AIM OF THE EXERCISE> In the listing below, the answer starts at the line that has "Brain 259. Жираф" and stops after the line that has "implantes-dentales-tipos"; please repeat that part exactly and nothing more.

ENTRIES PROVIDED>
__________

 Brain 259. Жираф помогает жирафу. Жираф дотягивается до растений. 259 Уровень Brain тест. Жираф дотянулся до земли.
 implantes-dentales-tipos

__________

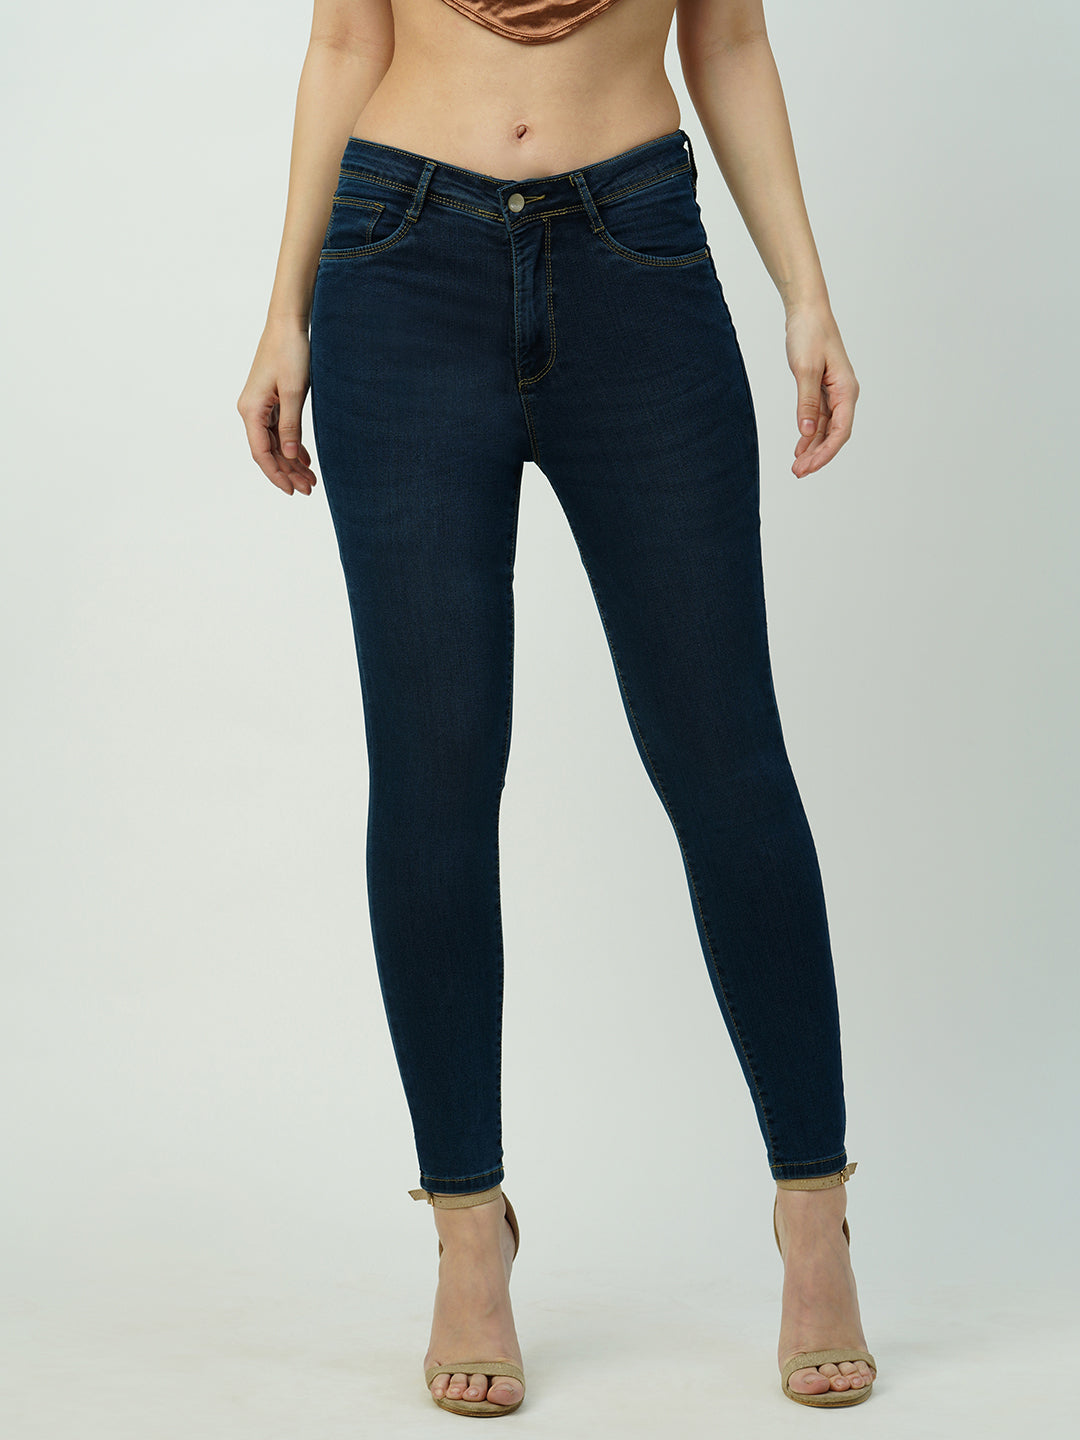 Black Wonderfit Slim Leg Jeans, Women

__________

ANSWER SECTION>
 Brain 259. Жираф помогает жирафу. Жираф дотягивается до растений. 259 Уровень Brain тест. Жираф дотянулся до земли.
 implantes-dentales-tipos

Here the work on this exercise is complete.